- [WHAT YOU WILL DO] Please set down each entry exactly, omitting any picture it holds.

- [MATERIAL SHOWN]
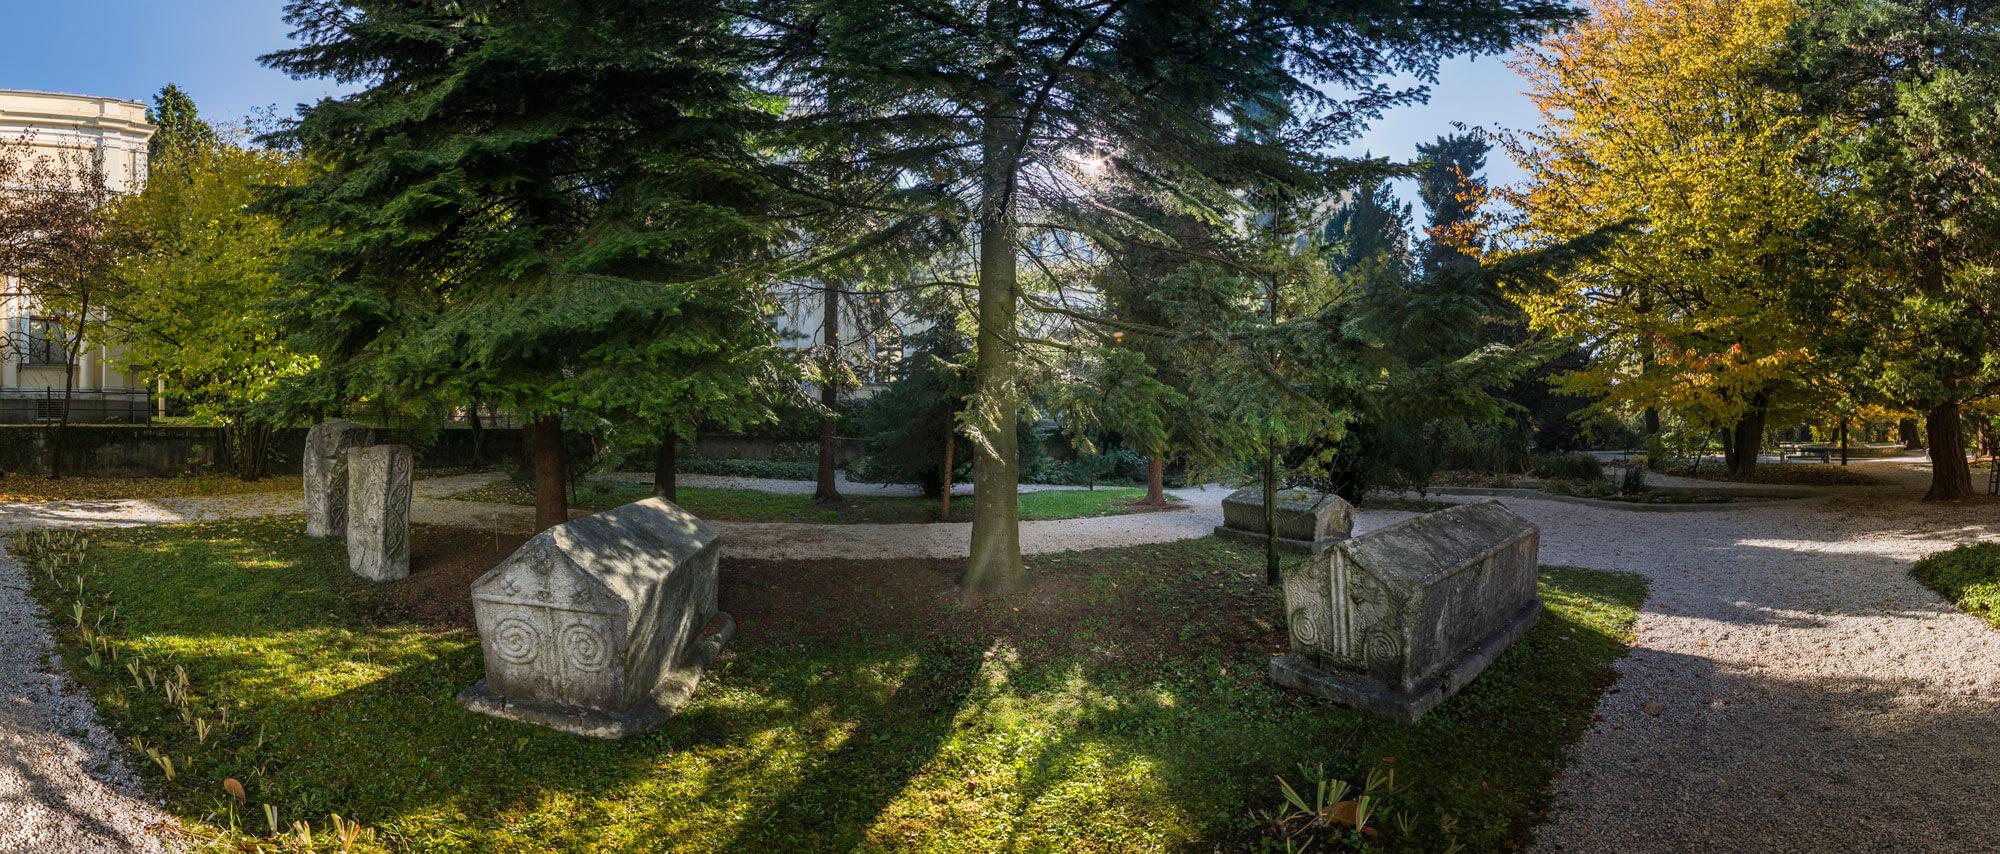 Botanicki Vrt Zemaljski Muzej Bosne I Hercegovine
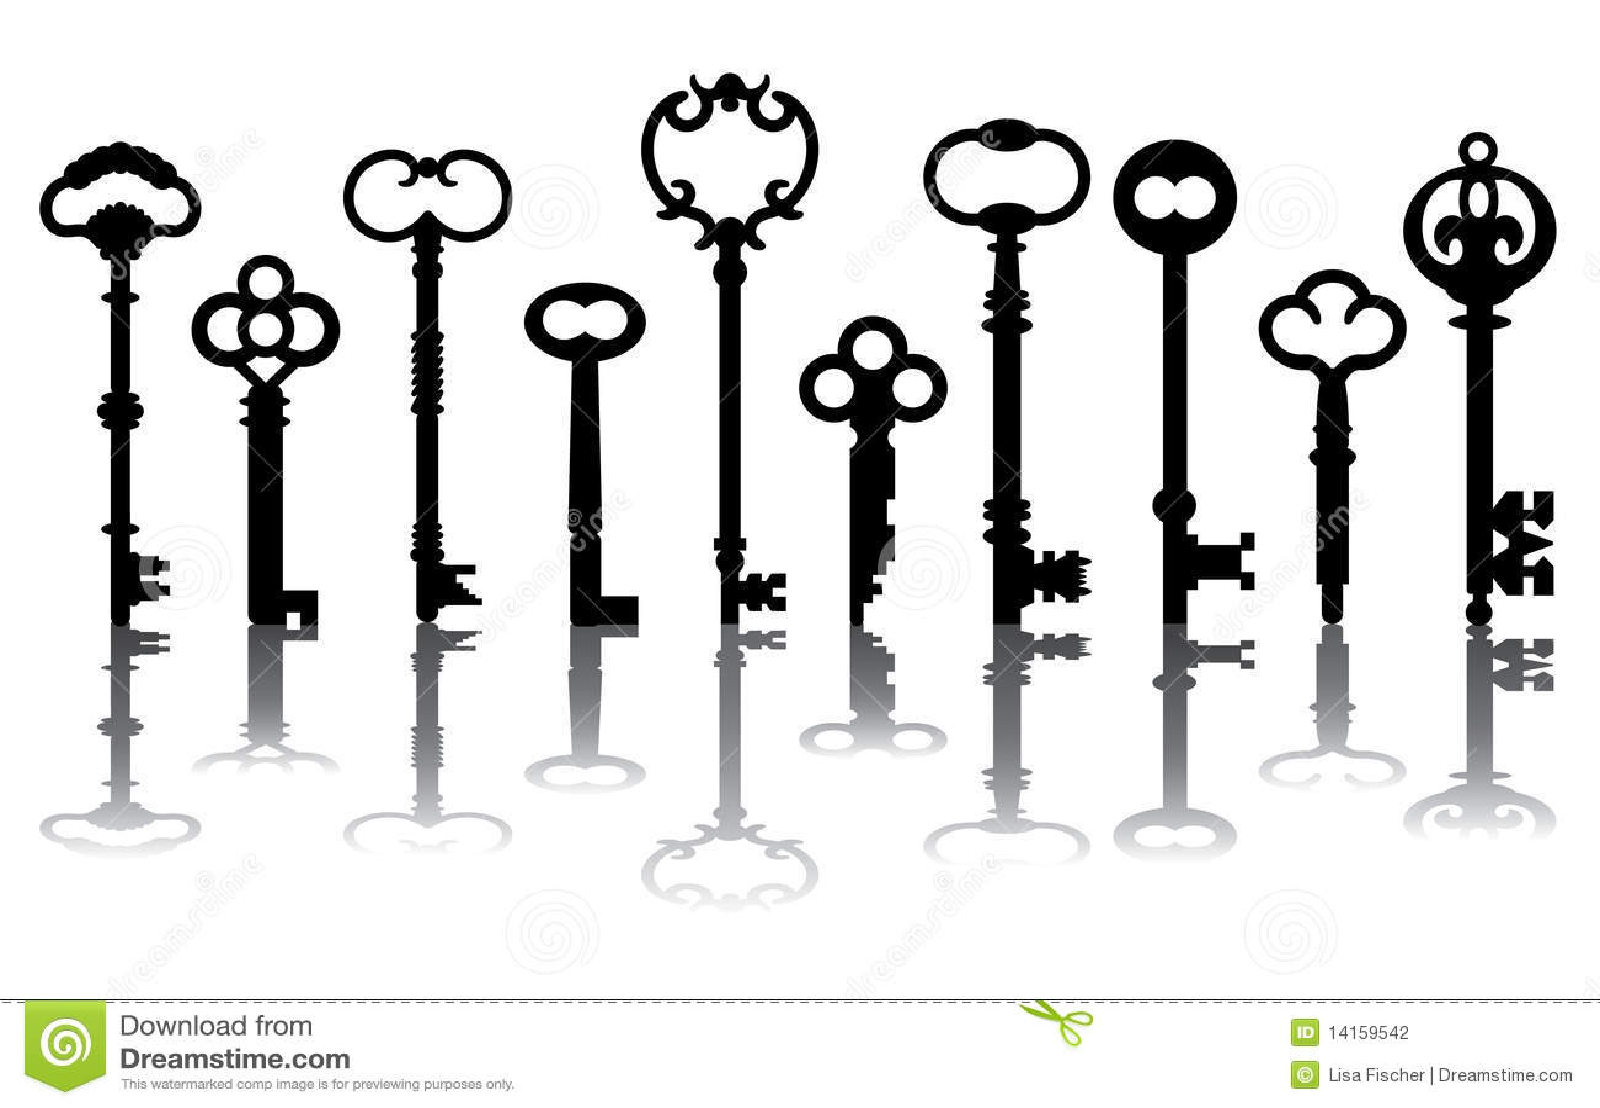 Vintage Key Clip Art Ten Skeleton Key Icons
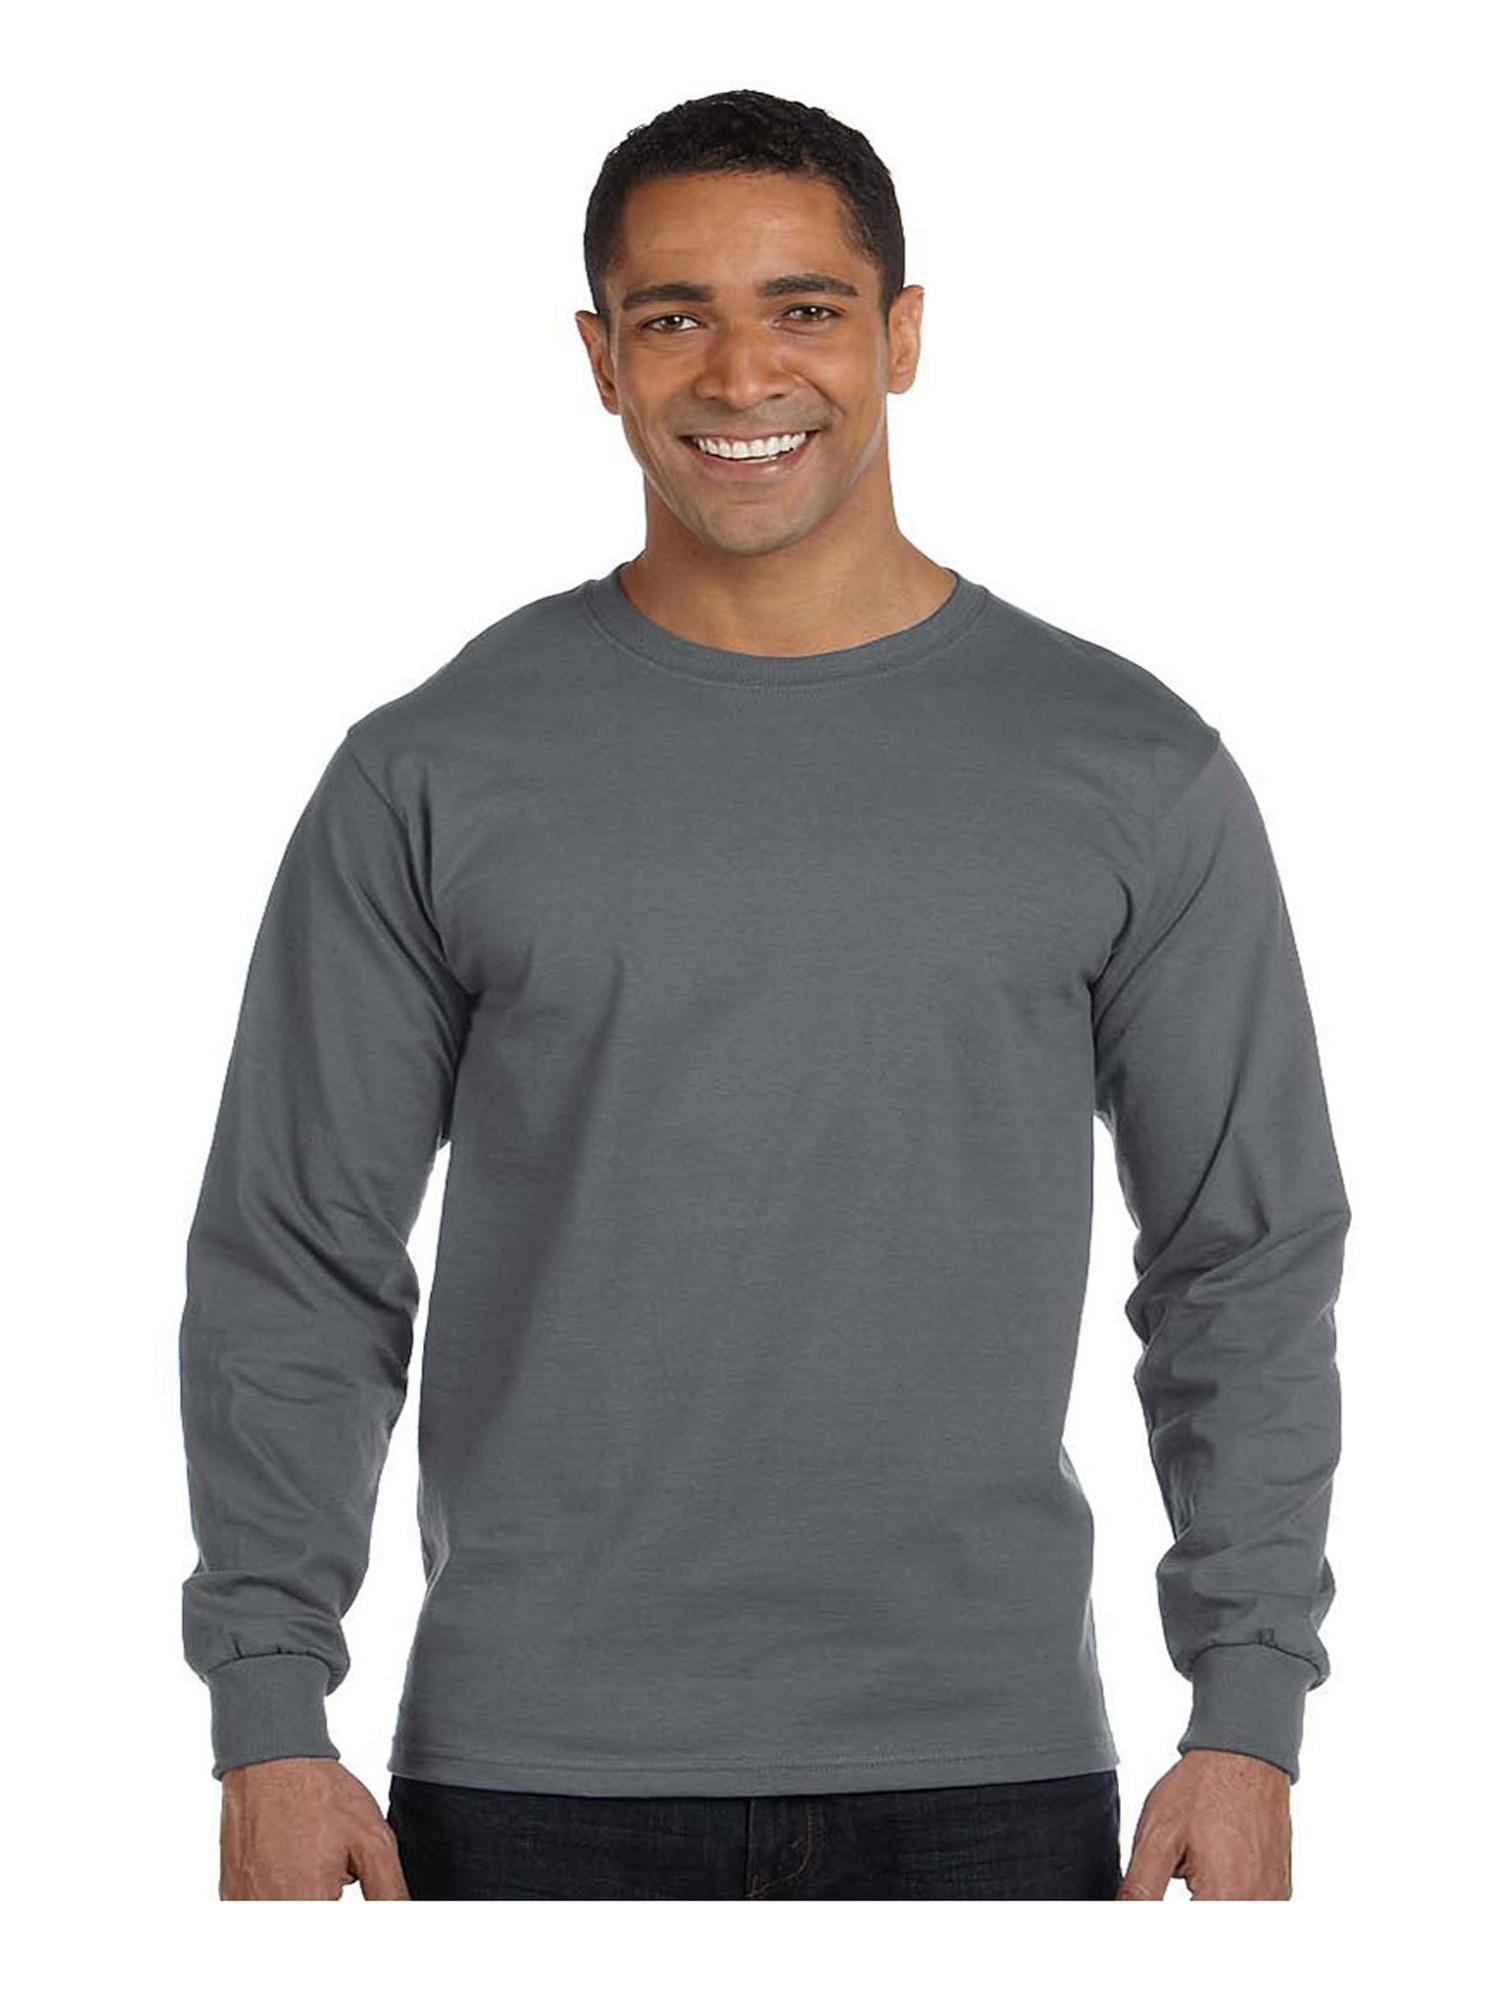 Fruit Of The Loom Lofteez Hd Long Sleeve T-Shirt, Style HD6LR
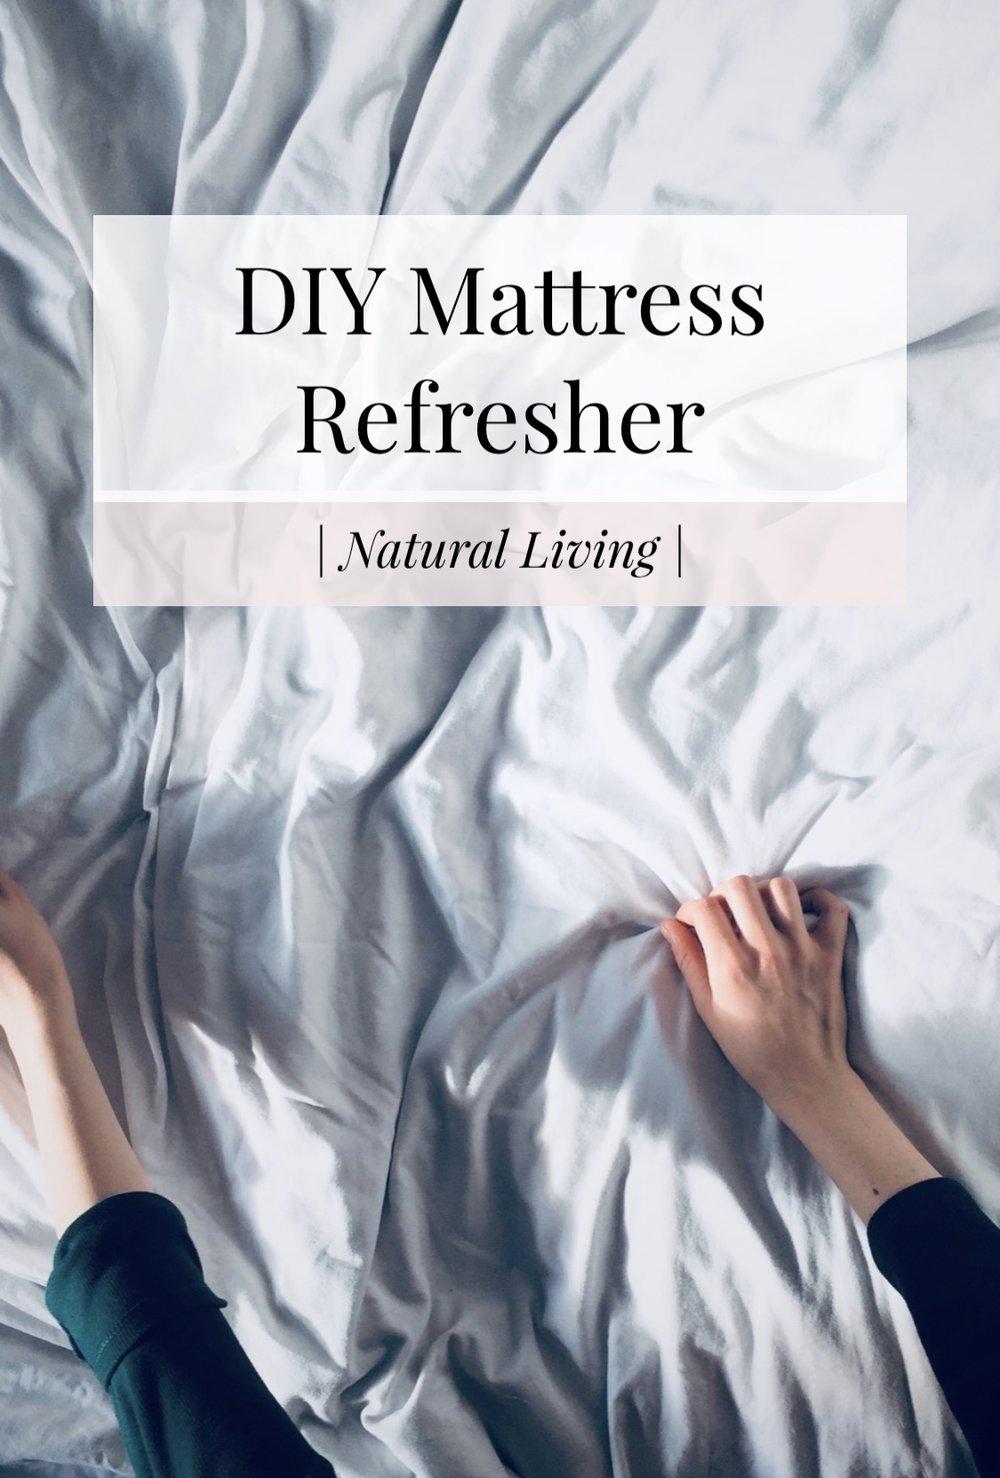 DIY Mattress refresher.jpg
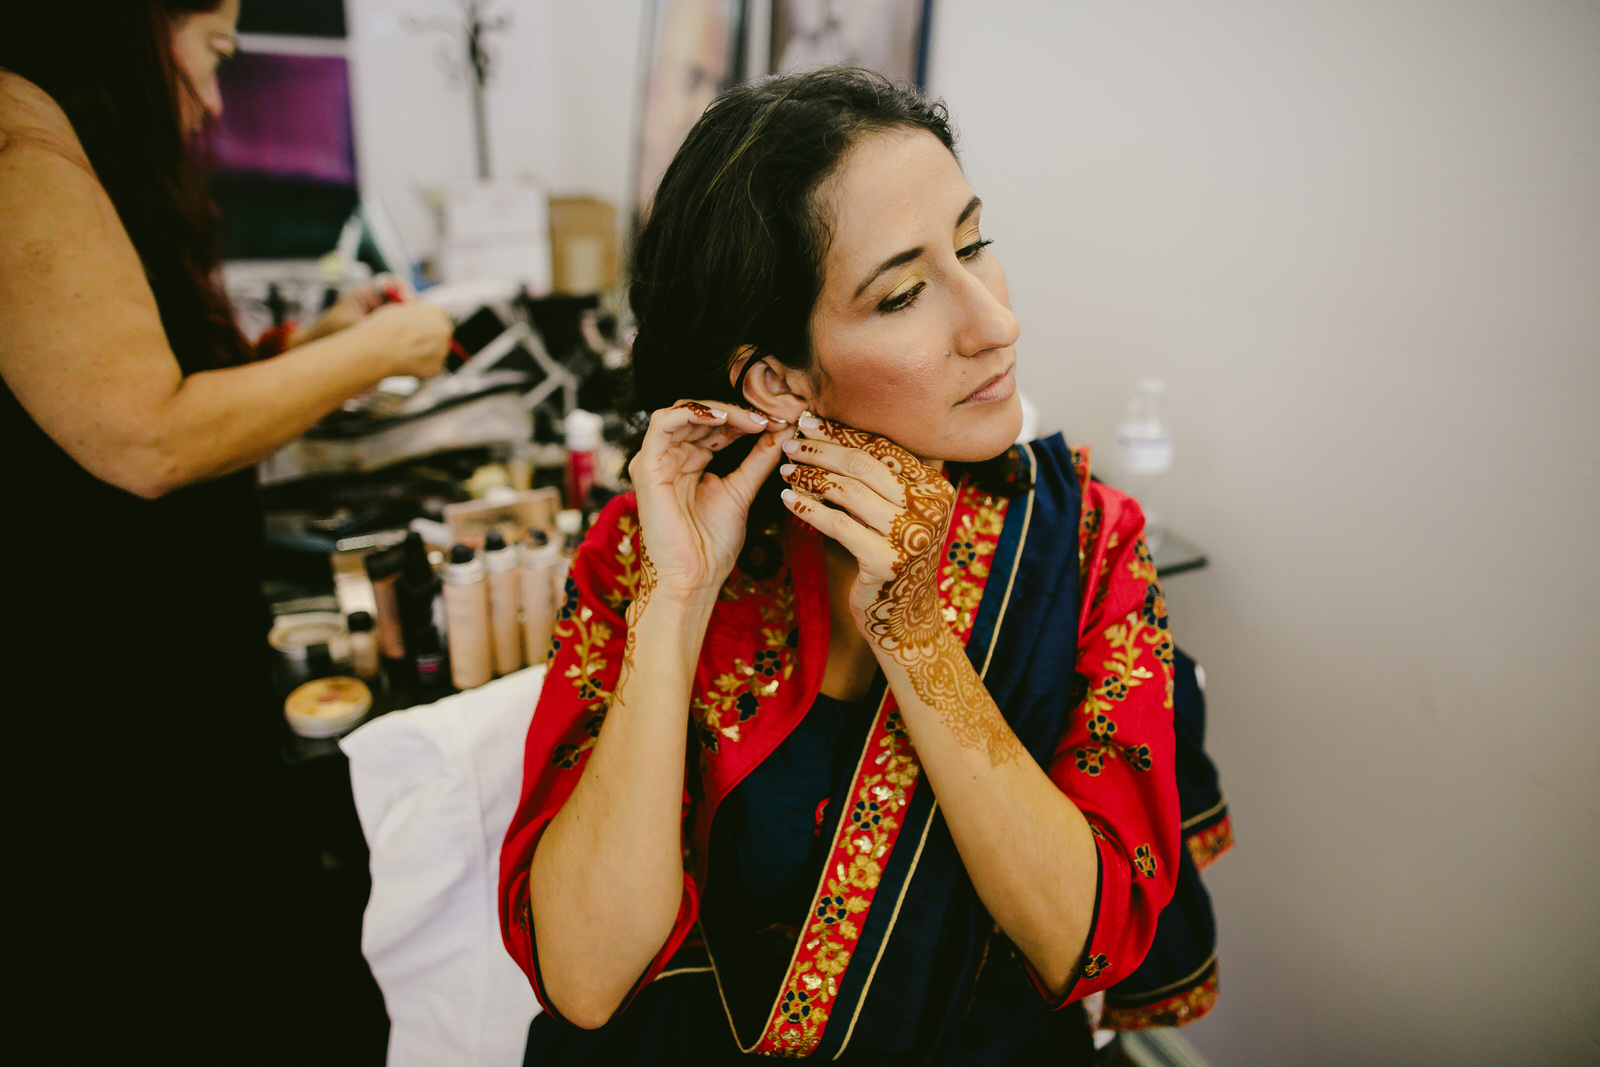 kashi-ashram-wedding-weekend-saturday-rehearsal-dinner-138.jpg

- [RESULT]
 Botanicki Vrt Zemaljski Muzej Bosne I Hercegovine
 Vintage Key Clip Art Ten Skeleton Key Icons
 Fruit Of The Loom Lofteez Hd Long Sleeve T-Shirt, Style HD6LR
 DIY Mattress refresher.jpg
 kashi-ashram-wedding-weekend-saturday-rehearsal-dinner-138.jpg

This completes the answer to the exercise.